:: Recorded information
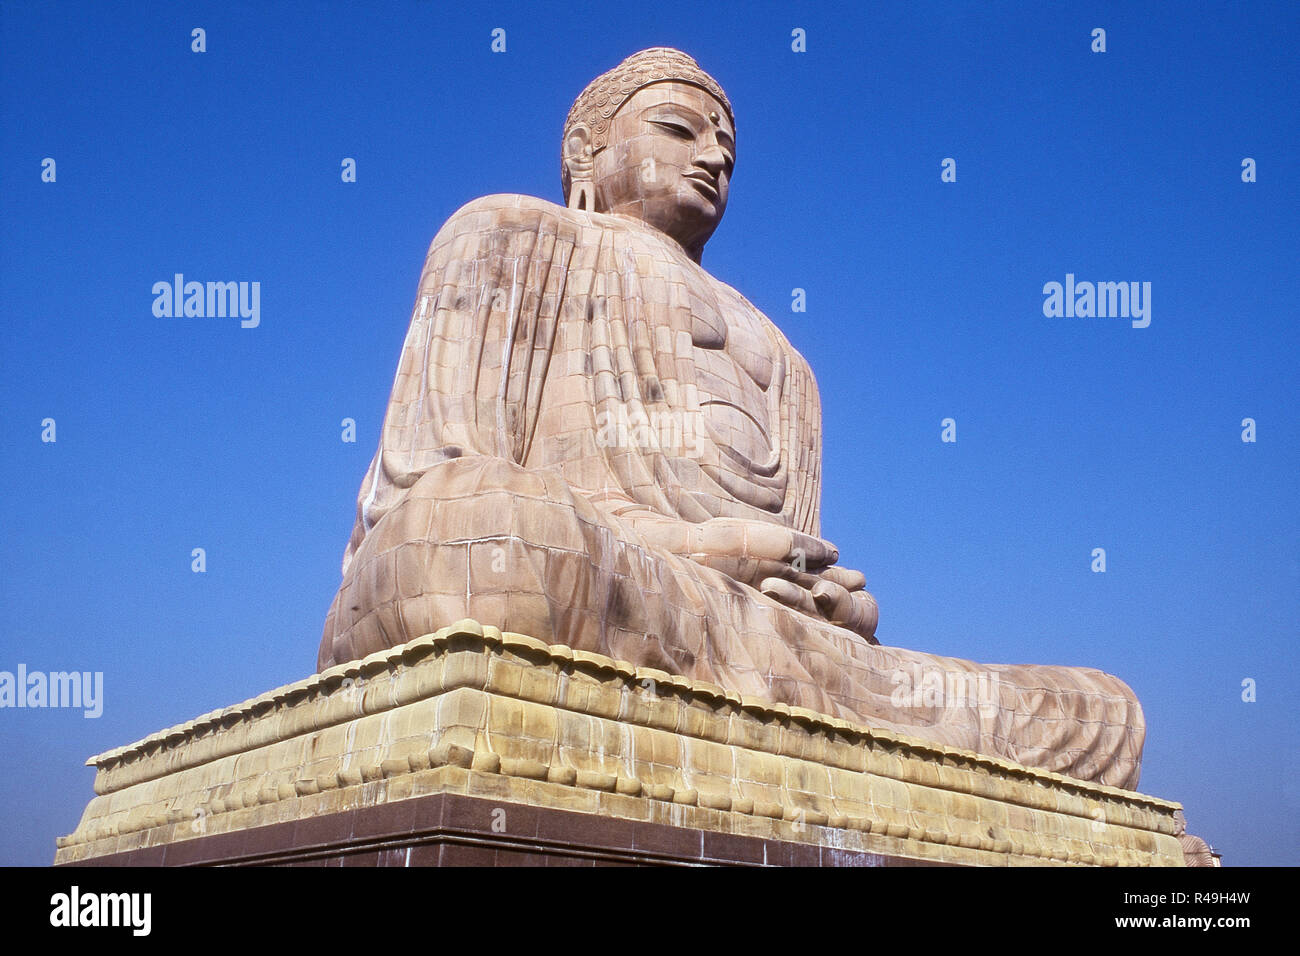 Der große Buddha Statue in Bodh Gaya, Bihar, Indien, Asien Stockfoto
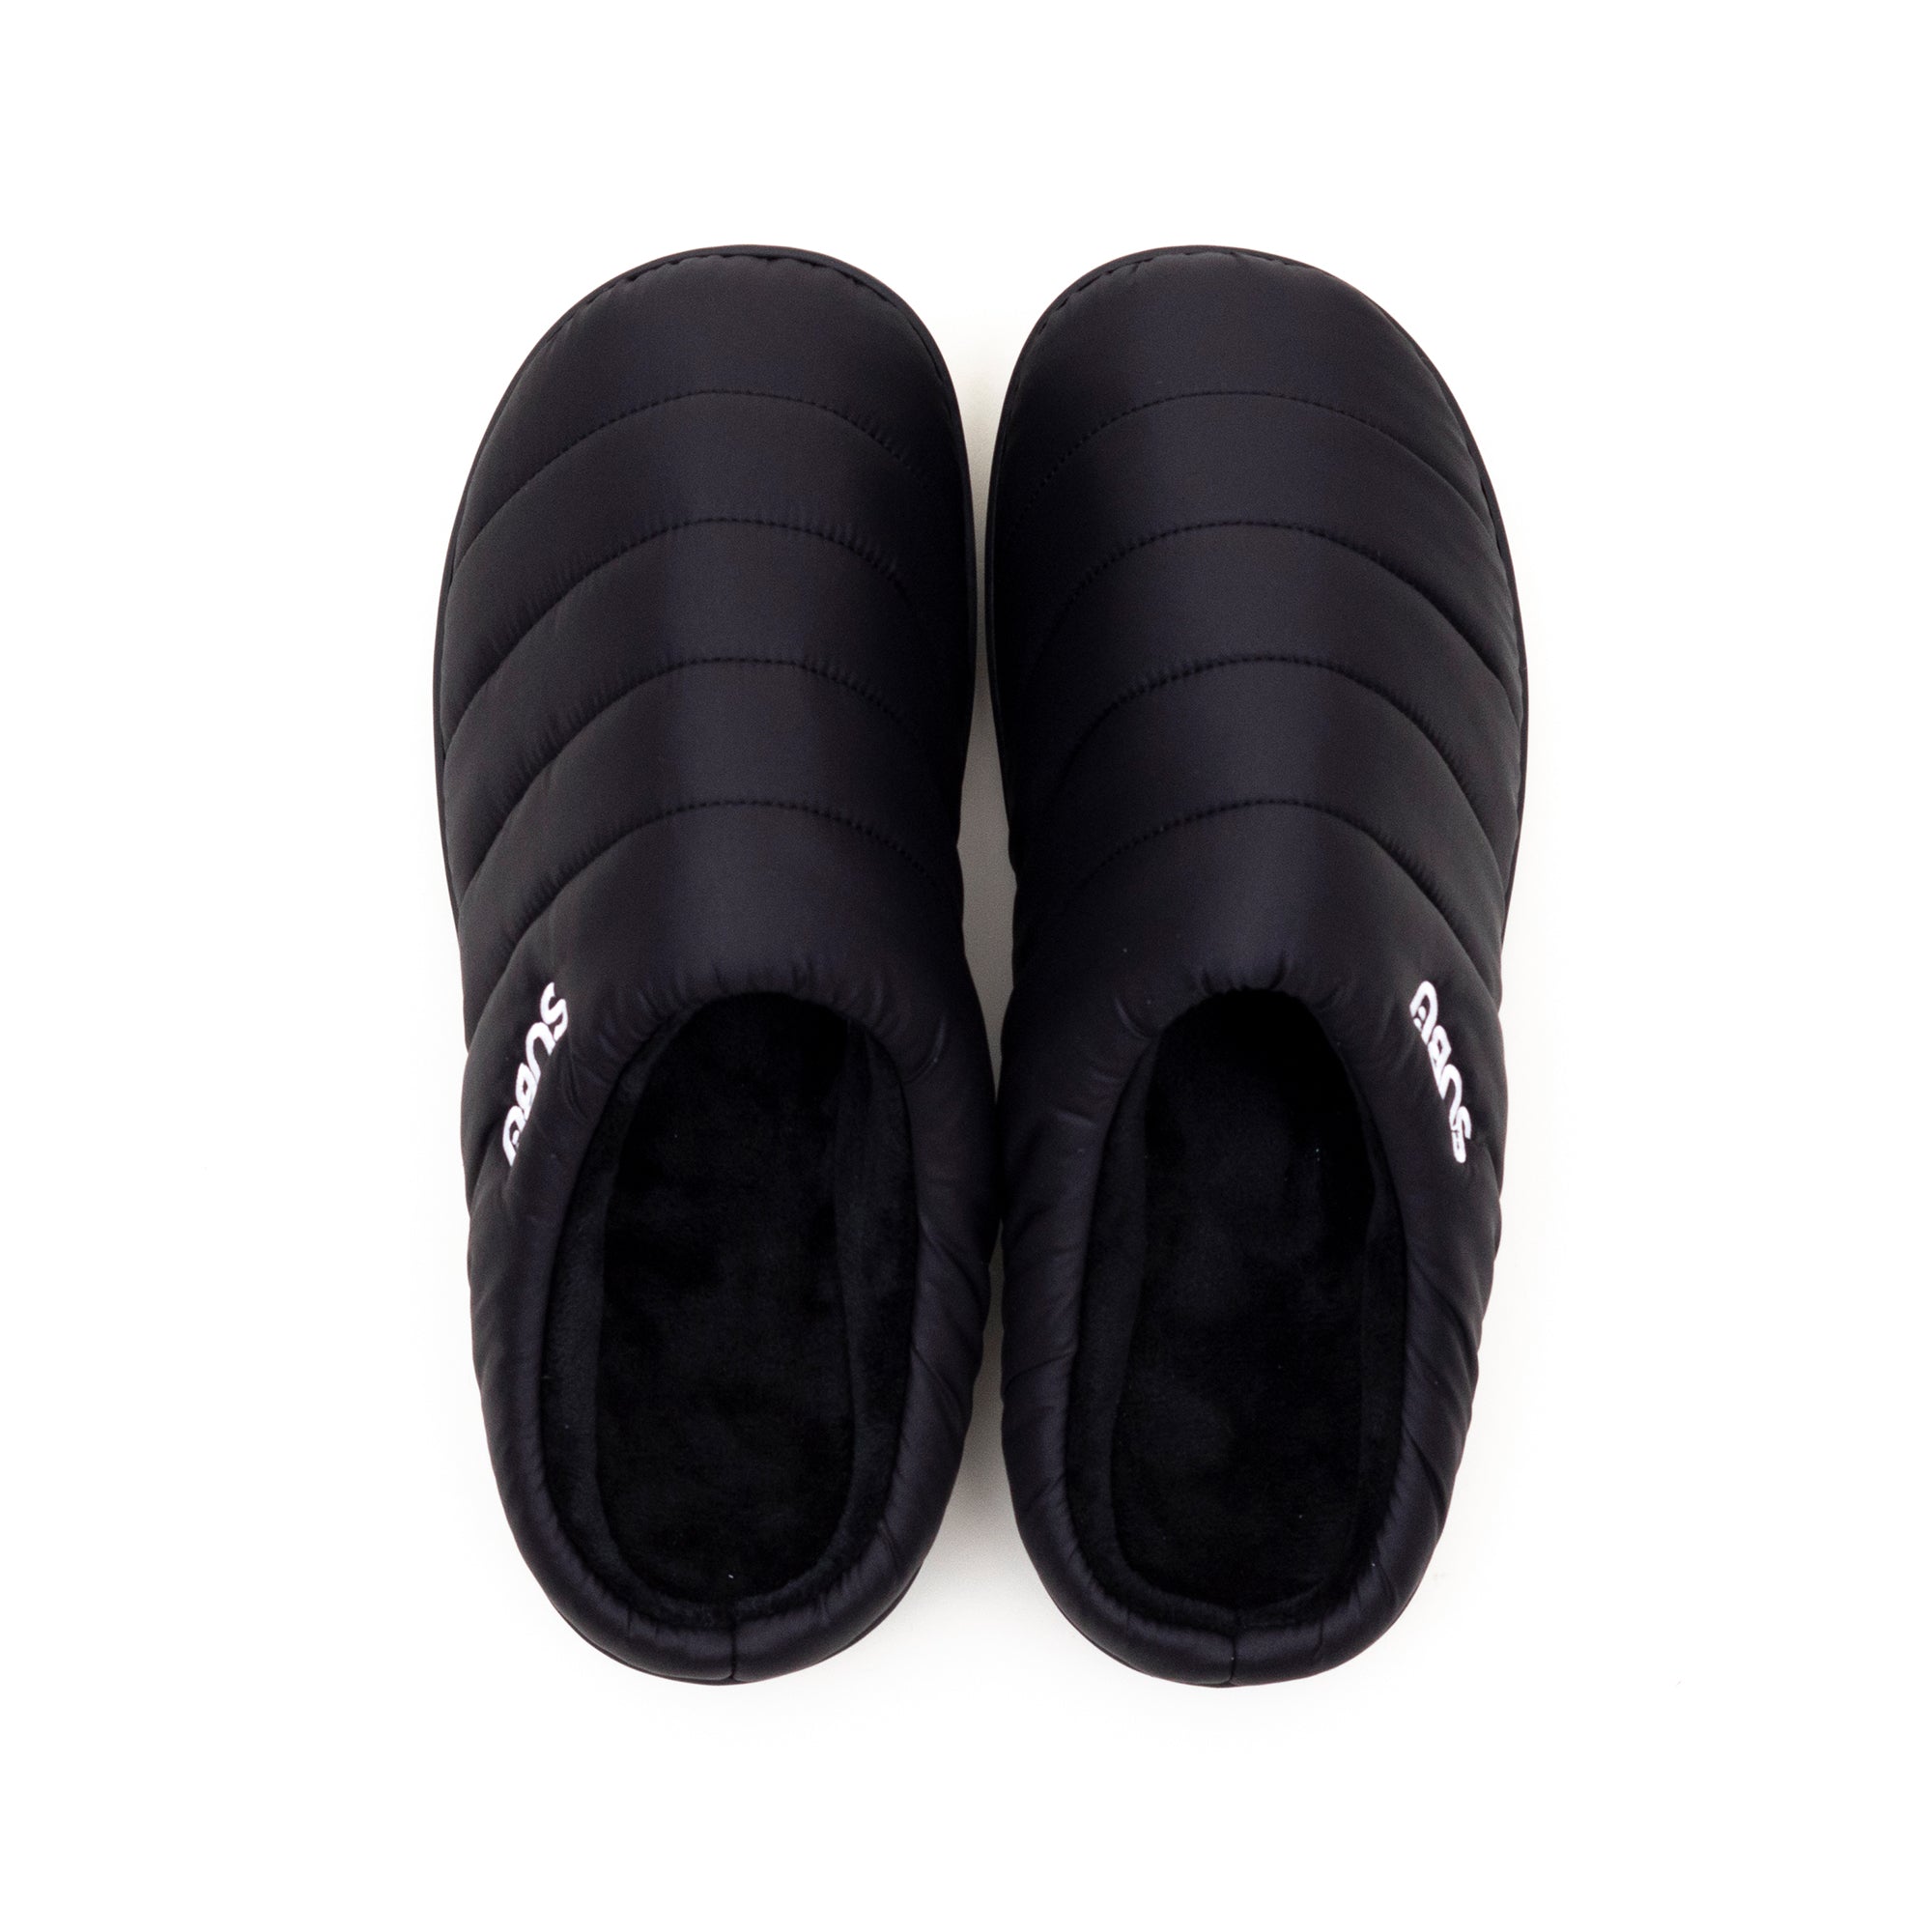 Subu Winter Slippers - Black
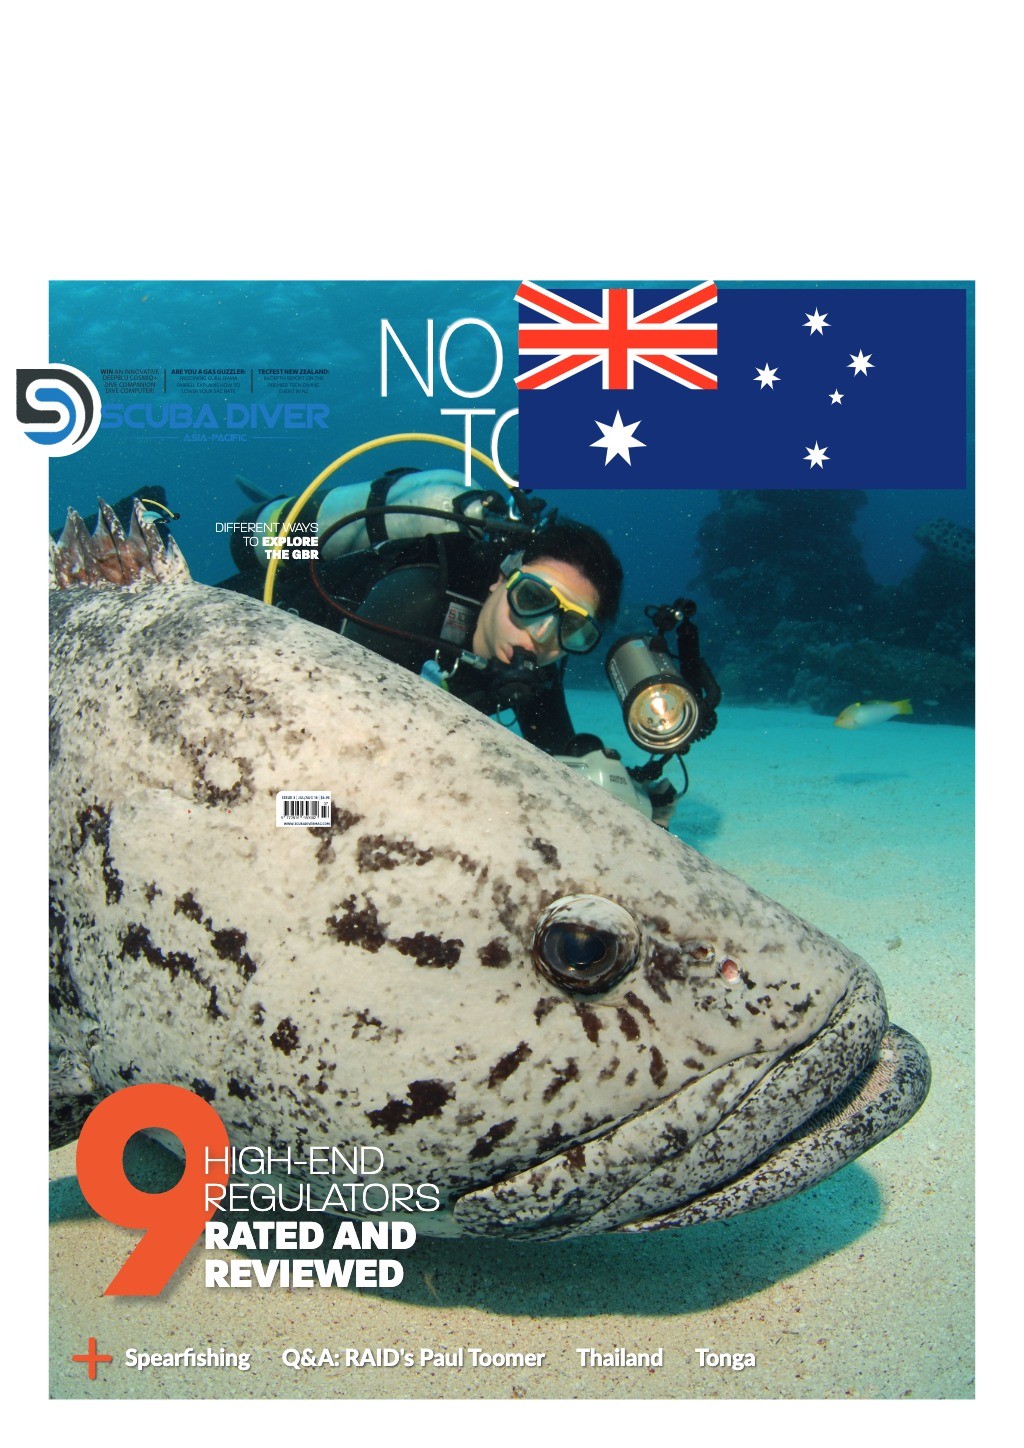 Scuba Diver Asia Pacific July 18 - Issue 3
::::
§ **What the task requires**
Return the listing above unaltered, omitting its pictures.

§ **Exercise output**
 Der große Buddha Statue in Bodh Gaya, Bihar, Indien, Asien Stockfoto
 Subu Winter Slippers - Black
 Scuba Diver Asia Pacific July 18 - Issue 3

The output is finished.